Multi-Image Spatial Reasoning Benchmark Reveals Gaps in AI Understanding

A new benchmark, MMSI-Bench, assesses multi-image spatial reasoning in large multimodal models. Evaluations of 34 models reveal significant performance gaps, with the strongest open-source model achieving 30% accuracy and OpenAI’s o3 reaching 40%, compared to human scores of 97%. Error analysis identifies key failure modes in spatial understanding.

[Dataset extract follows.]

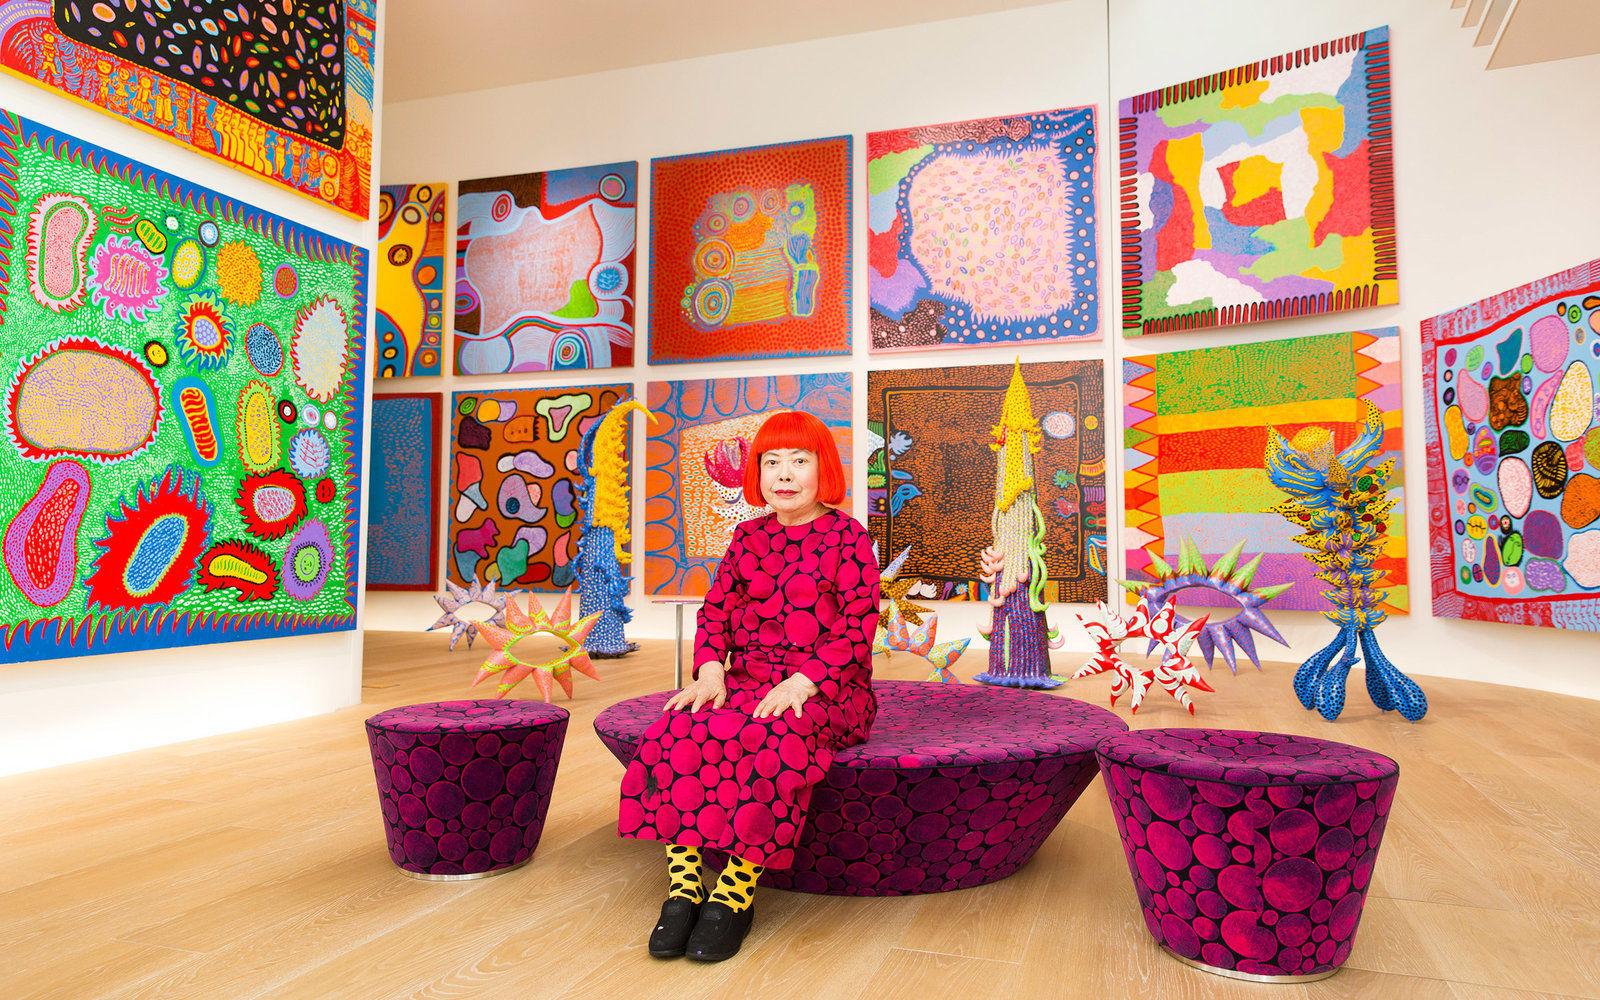 Tickets for Yayoi Kusama's art exhibition in Tokyo

The ability to reason about spatial relationships from multiple visual inputs remains a significant challenge for artificial intelligence systems operating in real-world environments. Current evaluation benchmarks largely focus on single-image analysis, failing to adequately test a system’s capacity for multi-image spatial intelligence. To address this limitation, researchers from the Shanghai AI Laboratory and Beijing Normal University have developed MMSI-Bench, a new visual question answering (VQA) benchmark designed to rigorously assess this crucial capability. The work, detailed in a forthcoming publication, is the result of a collaborative effort led by Jingli Lin, Sihan Yang, Runsen Xu, Yiman Xie, Sizhe Yang, Mo Li, Chenming Zhu, Xiaochen Chen, Haodong Duan, Xiangyu Yue, Dahua Lin, and Tai Wang, with contributions from Jiangmiao Pang. The team dedicated over 300 hours to constructing MMSI-Bench, comprising 1,000 multiple-choice questions derived from a dataset of over 120,000 images, each accompanied by carefully constructed incorrect answers and detailed reasoning pathways.

New Benchmark Reveals Limitations in AI Spatial Reasoning Across Multiple Images

Recent advances in multimodal large language models (MLLMs) – artificial intelligence systems that process both text and images – necessitate rigorous evaluation of their spatial reasoning abilities, particularly when analysing multiple images simultaneously. Researchers have introduced MMSI-Bench, a new visual question answering (VQA) benchmark designed to specifically assess multi-image spatial intelligence, addressing a noted deficiency in existing evaluation metrics.

MMSI-Bench comprises 1,000 multiple-choice questions constructed from a dataset of over 120,000 images. Its creation involved over 300 hours of manual effort by six researchers specialising in 3D vision, ensuring question clarity and the development of plausible, yet incorrect, answer options (distractors).

Evaluations of 34 open-source and proprietary MLLMs reveal a substantial performance gap. The highest-performing open-source model achieved approximately 30% accuracy on MMSI-Bench, while OpenAI’s o3 model attained 40%. This contrasts sharply with human performance, which averaged 97%. This indicates a significant distance remains before current AI systems match human capabilities in this domain.

To facilitate targeted improvements, the researchers leveraged detailed, step-by-step reasoning annotations accompanying each question to create an automated error analysis pipeline. This analysis identified four primary failure modes:

  • Grounding errors: Incorrect identification of objects within the images.
  • Overlap-matching and scene-reconstruction errors: Difficulties interpreting spatial relationships between objects and reconstructing the overall scene.
  • Situation-transformation reasoning errors: Failures to account for changes occurring within a scene across multiple images.
  • Spatial-logic errors: Deficiencies in applying fundamental principles of spatial reasoning.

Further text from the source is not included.